I am totally thinking of applying for editorial work at this place, even though moving to L.A. is pretty much out of the question. But that fits in nicely with my pretending-to-try-to-find-a-job M.O.
Going to Palm Springs tomorrow to visit Jack’s mom, who is recovering from pneumonia. She got kind of choked up on the phone when he told her we were coming, so we’re hoping that a dose of The Peanut will cure her completely.
Edward Dorn is a damned good poet. If you can find a copy of his “Gunslinger,” buy it.
The cowboy stands beneath
a brick-orange moon. The top
of his oblong head is blue, the sheath
of his hips
In the dark brown night
your delicate cowboy stands quite still.
His plain hands are crossed.
His wrists are embossed white.
In the background night is a house,
has a blue chimney top,
Yi Yi, the cowboy’s eyes
are blue. The top of the sky
I’m a goddamned housewife! A revelation I had while cleaning the stove ten minutes ago. Three weeks ago my life was all about typesetting and captions and health tips and spas; now it’s all about Shout! and Fantastik! and Viva and Huggies.
I went through our budget and figured out that we can live on Jack’s salary and my unemployment — not well, but we won’t starve, nor will I feel the need to sell my car. I just have to keep “looking” for work to keep my benefits coming (and there’s no threat of finding another editing job in this overfed cultural backwater).
I had a terrible dream about my former job last night, that I showed up late to a meeting at the office and my former assistant, who now has my job, was wearing a gorgeous green velvet dress and was so happy. It turned out to be a big party and Oprah was the guest of honor and I looked at her and just wanted to bust out crying. Why I thought Oprah would understand my problems — that’s a power normally reserved for Jesus and the ideal reader. It’s my fault for having an old copy of “O” magazine on my nightstand. I swear I just bought it for research.
No poems today.
Depressed about the whole joblessness thing. I mean, I really hated/was burned out by that job, but I didn’t want to get fired. Editing jobs are impossible to find around here, so I might have to switch fields. God help me if I have to go back to working in a bookstore, the pay won’t even cover childcare. I might as well stay home and raise goats. My landlady would love that. Then I’d be homeless, too!

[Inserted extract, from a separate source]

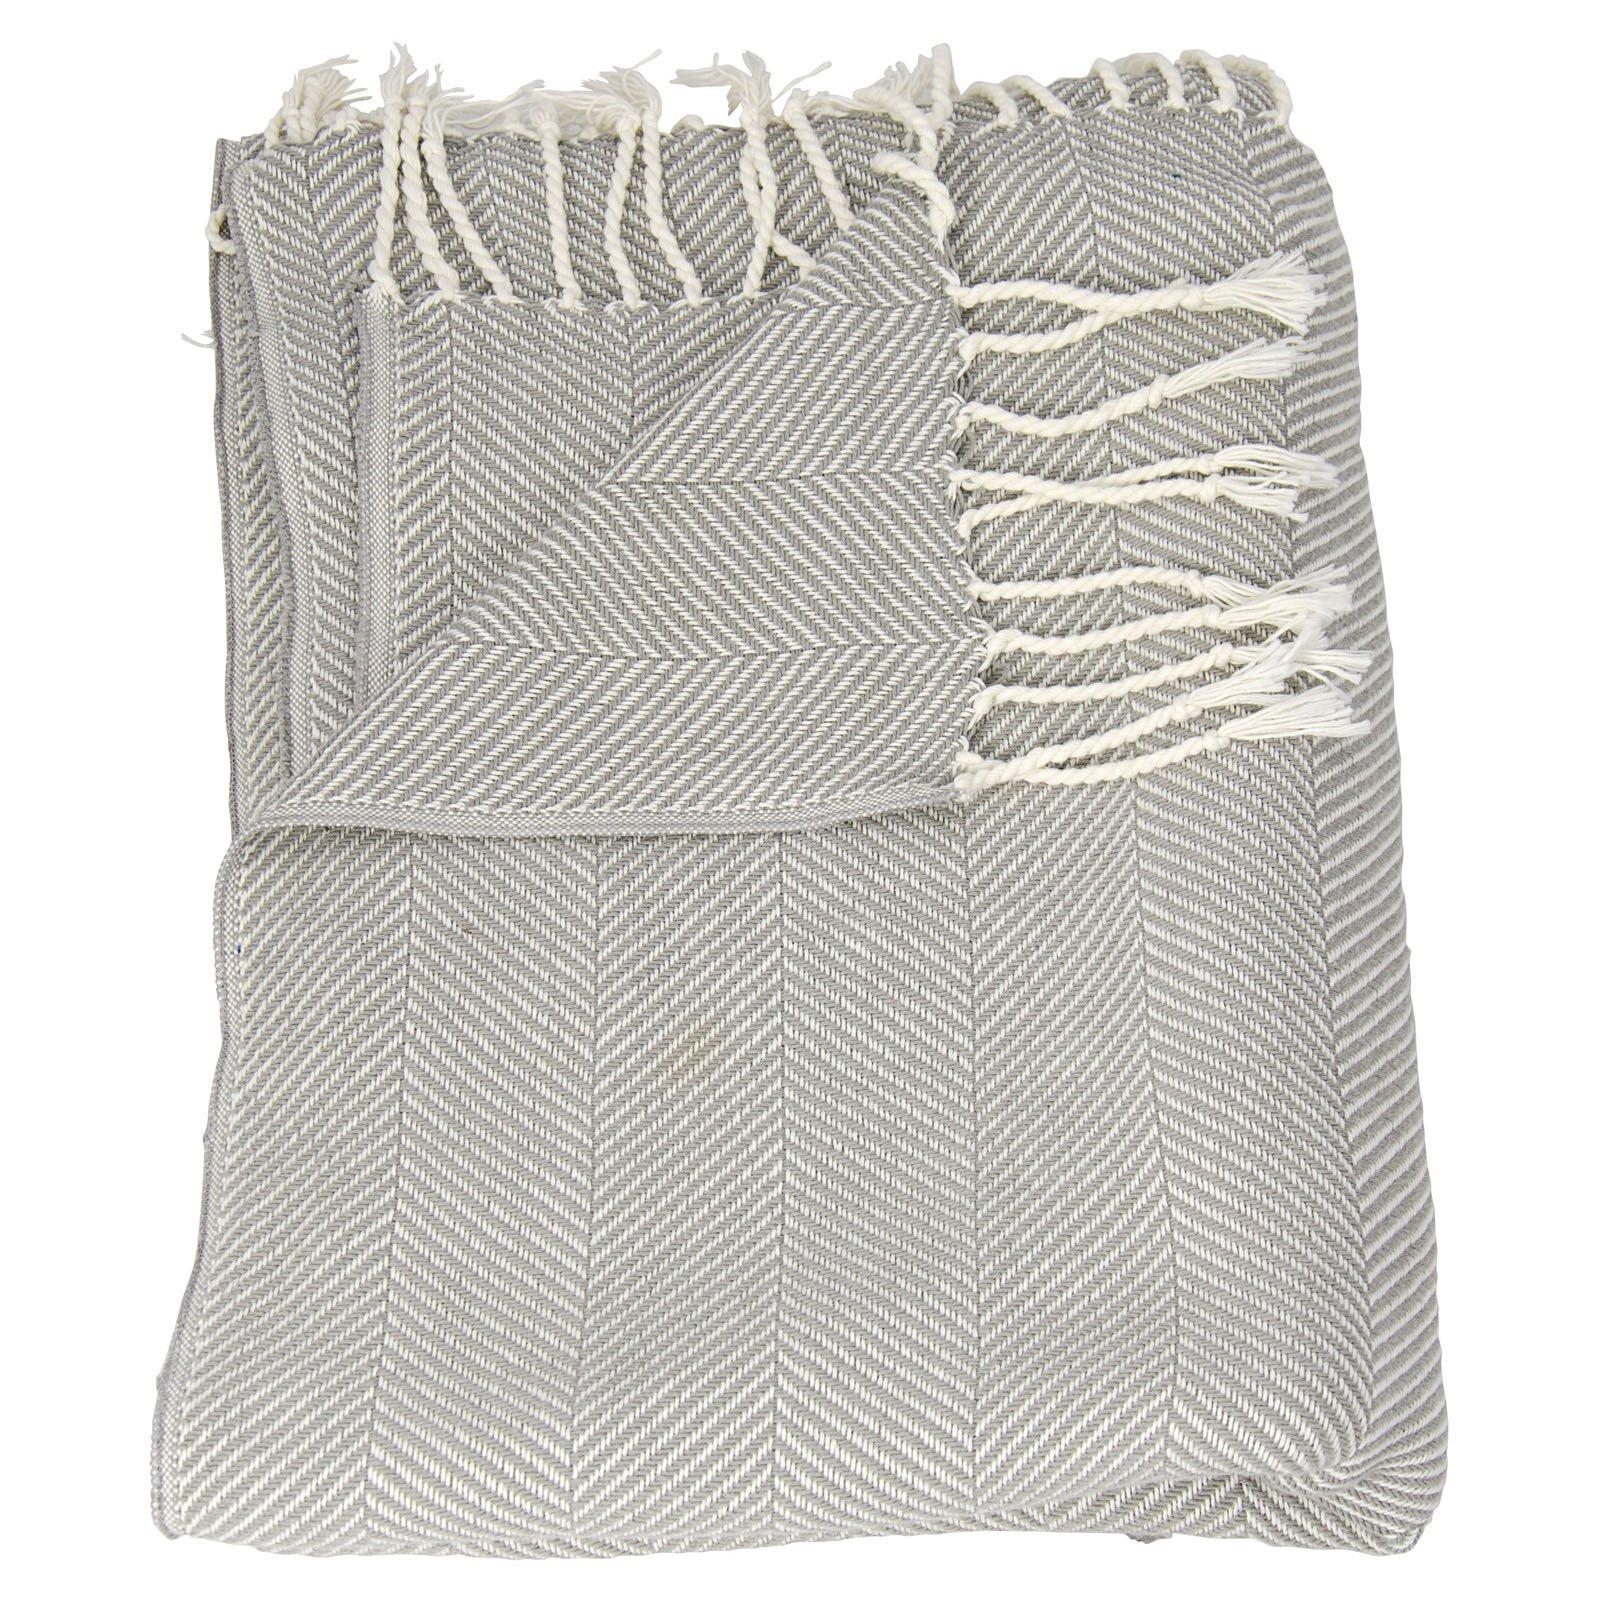 "Nourison Organic Cotton Throw Blanket, 50"" x 70"", Purple"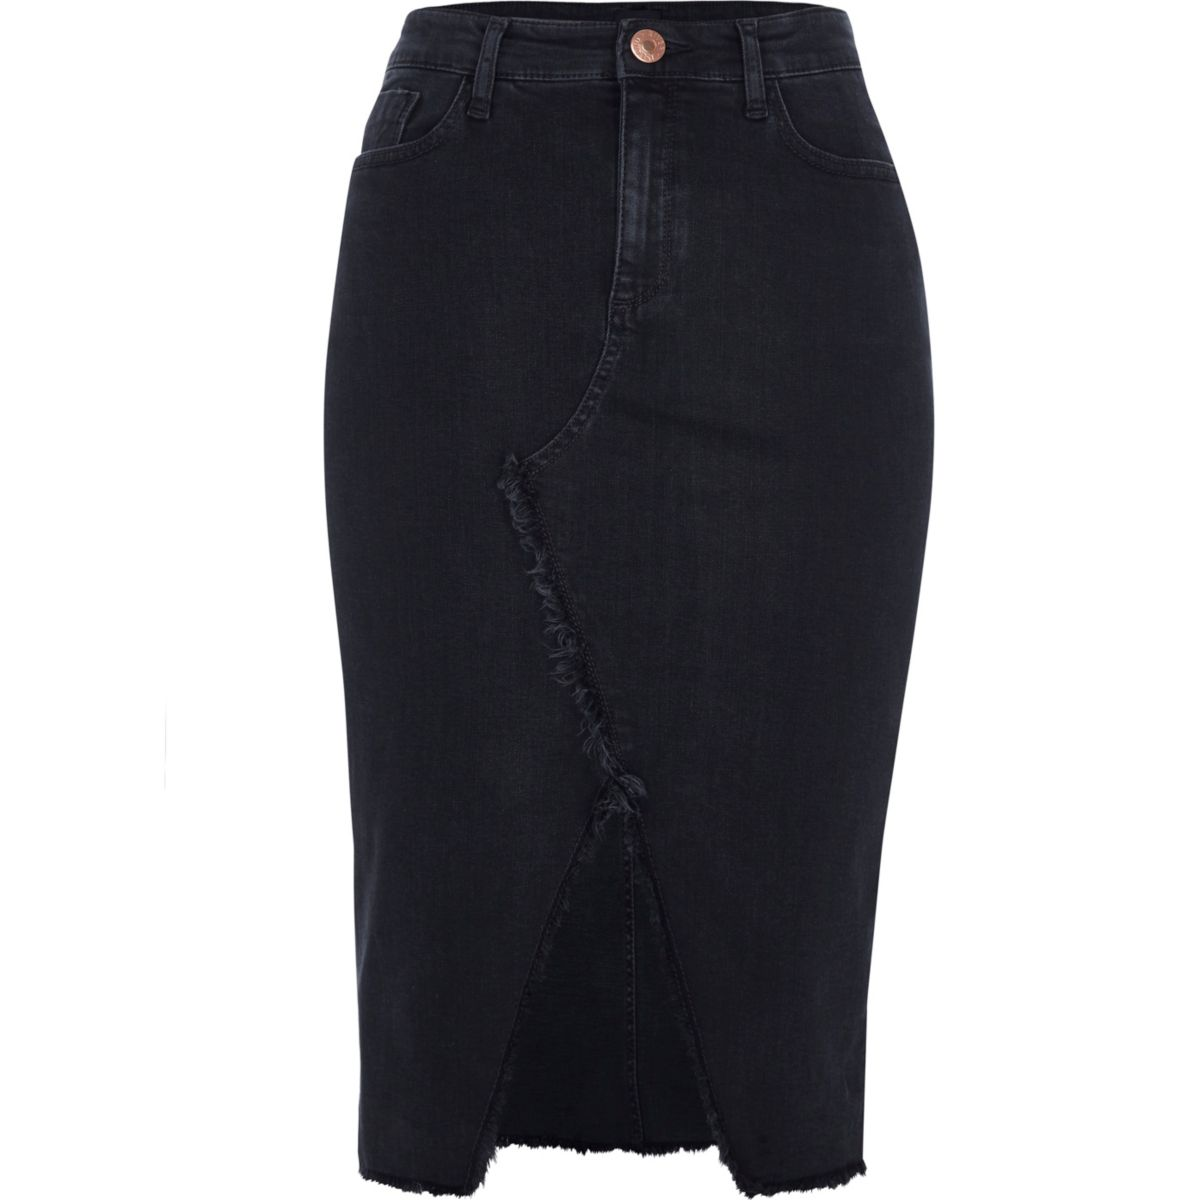 Black frayed split denim pencil skirt

This is my favorite poem by LeRoi Jones.
Preface to a Twenty Volume Suicide Note
(For Kellie Jones, born 16 May 1959)
Lately, I’ve become accustomed to the way
the ground opens up and envelopes me
Each time I go out to walk the dog.
Or the broad edged silly music the wind
Makes when I run for a bus . . .
Things have come to that.
And now, each night I count the stars
And each night I get the same number.
And when they will not come to be counted,
I count the holes they leave.
Nobody sings anymore.
And then last night, I tiptoed up
To my daughter’s room and heard her
Talking to someone, and when I opened
The door, there was no one there . . .
Only she on her knees, peeking into
Her own clasped hands.
Well, I certainly was the arrogant one, I knew some people were going to get fired but I didn’t think one of them would be me.
I don’t remember where I read it but apparently the origin of the term “to get fired” came from a charming ancient tradition wherein if the people of a town/village/collection of huts didn’t like one of their neighbors, they’d set the person’s house on fire. Guess you’d be traveling light after that, if you weren’t burnt to a crisp. I certainly was burnt out at my job (these fire metaphors are fascinating) but I was scared to death of quitting. Now I’m on the dole, getting paid to babysit, basically.
This poem is by Howard Nemerov.
Flaubert wanted to write a novel
about nothing. It was to have no subject
And be sustained upon style alone,
Like the Holy Ghost cruising above
The abyss, or like the little animals
In Disney cartoons who stand upon a branch
That breaks, but do not fall
Till they look down. He never wrote that novel,
And neither did he write another one
That would have been called La Spirale,
Wherein the hero’s fortunes were to rise
In dreams, while his waking life disintegrated.
Even so, for these two books
We thank the master. They can be read,
With difficulty, in the spirit alone,
Are not so wholly lost as certain works
Burned at Alexandria, flooded at Florence,
And are never taught at universities.
Moreover, they are not deformed by style,
That fire that eats what it illuminates.